_Your assignment_.
What is needed is an exact reproduction of the lines in the records below, starting at the line with "Esprit Collection - Spodnie damskie, czarny" and ending at the line with "электрический поплавок химический", both included, and nothing else; pictures stay out.

_Data excerpts_.
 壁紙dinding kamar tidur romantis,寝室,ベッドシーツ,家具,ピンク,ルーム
==
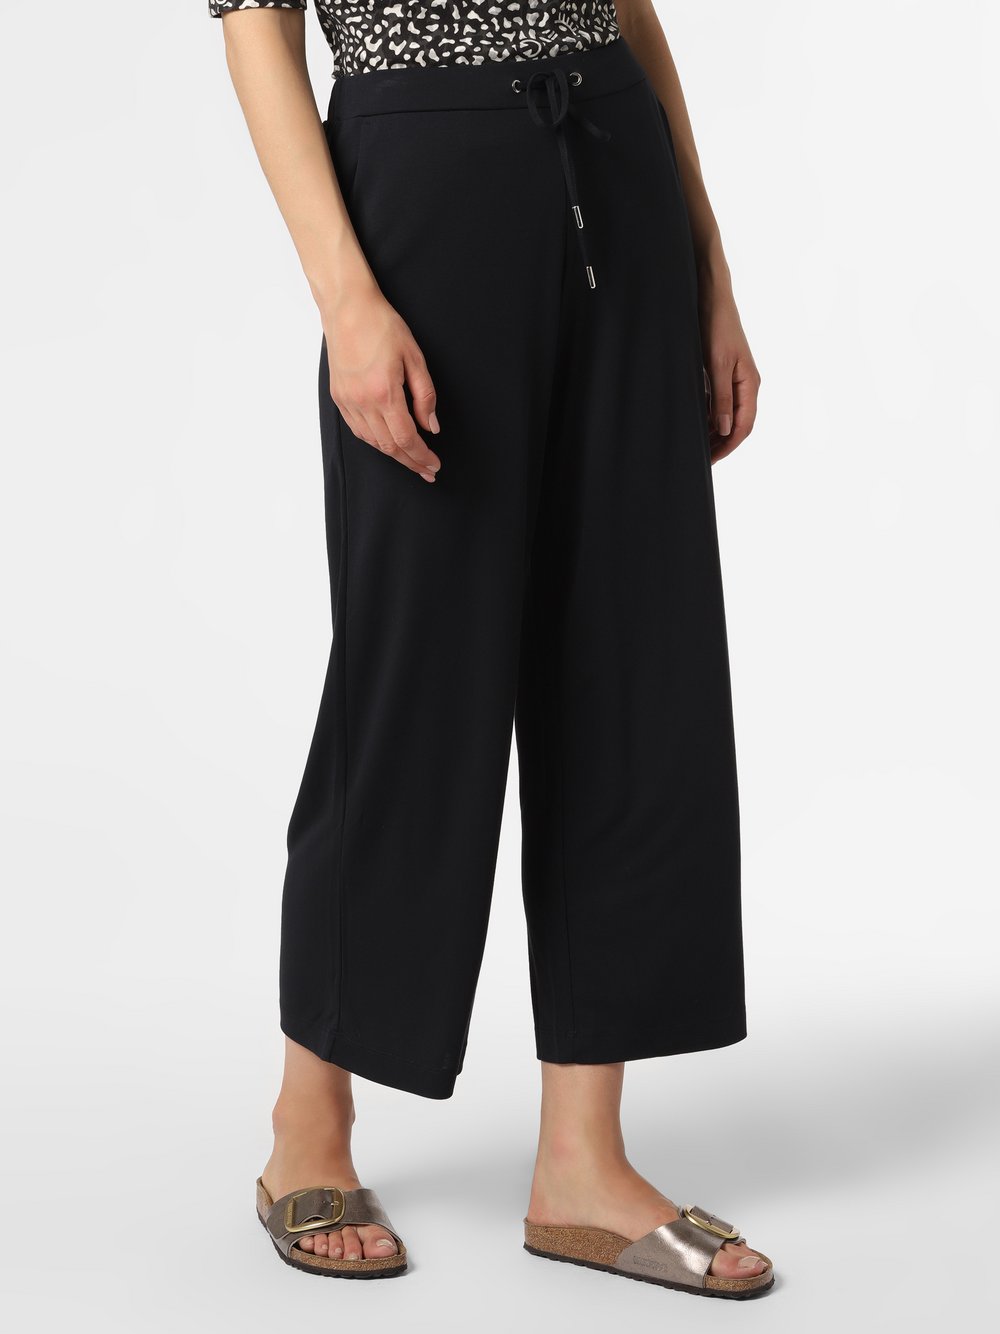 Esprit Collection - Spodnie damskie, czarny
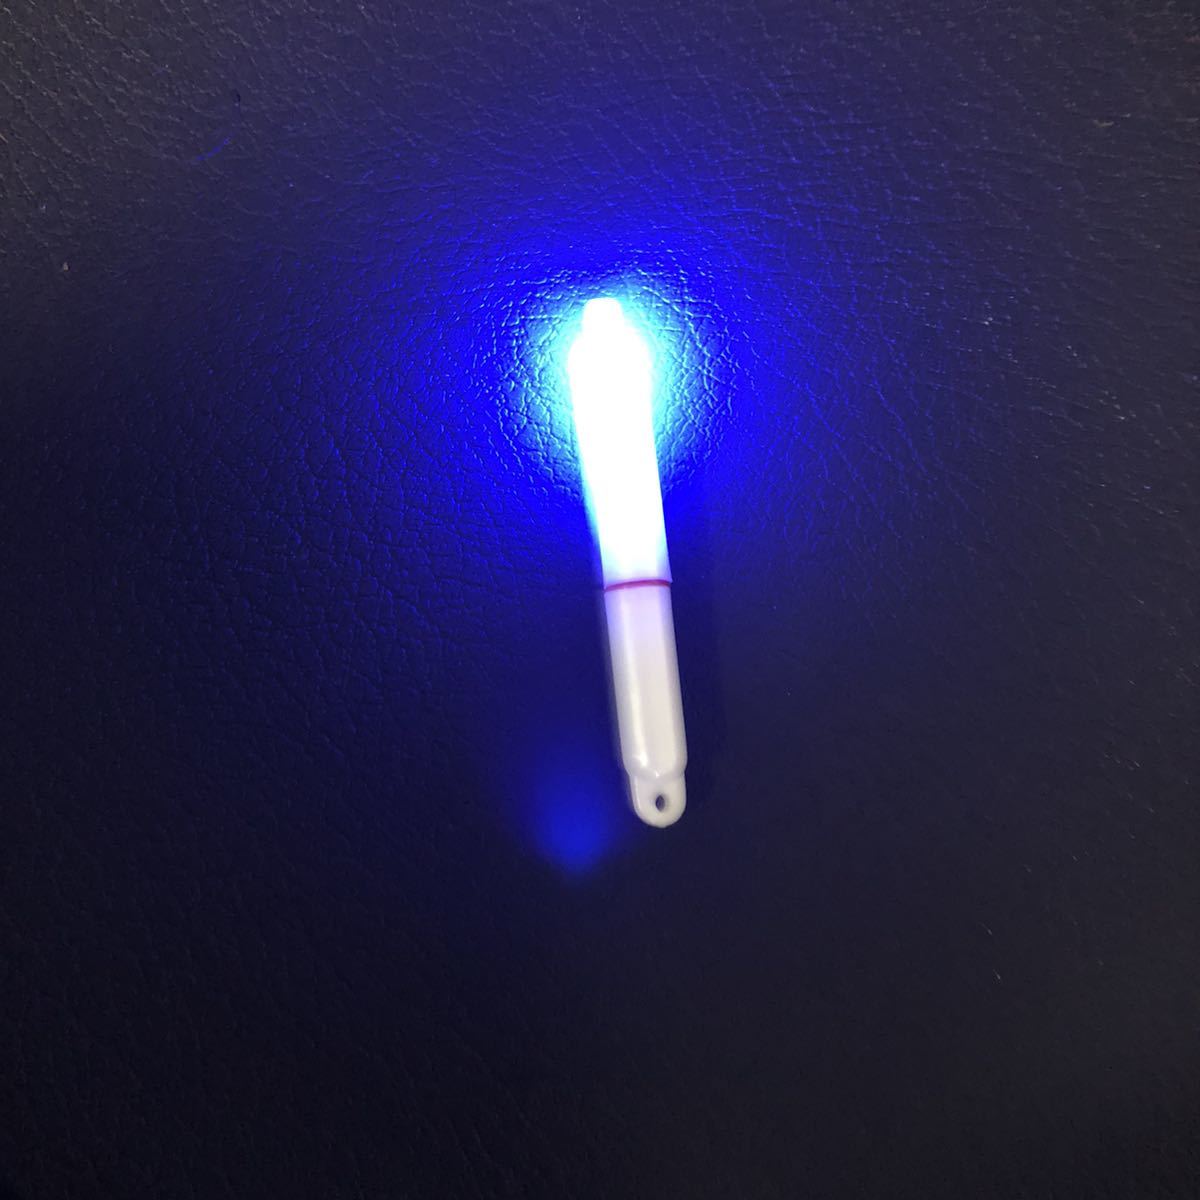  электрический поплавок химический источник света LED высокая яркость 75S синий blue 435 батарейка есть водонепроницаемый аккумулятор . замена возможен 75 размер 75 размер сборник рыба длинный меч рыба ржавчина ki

_Solution_.
 Esprit Collection - Spodnie damskie, czarny
  электрический поплавок химический источник света LED высокая яркость 75S синий blue 435 батарейка есть водонепроницаемый аккумулятор . замена возможен 75 размер 75 размер сборник рыба длинный меч рыба ржавчина ki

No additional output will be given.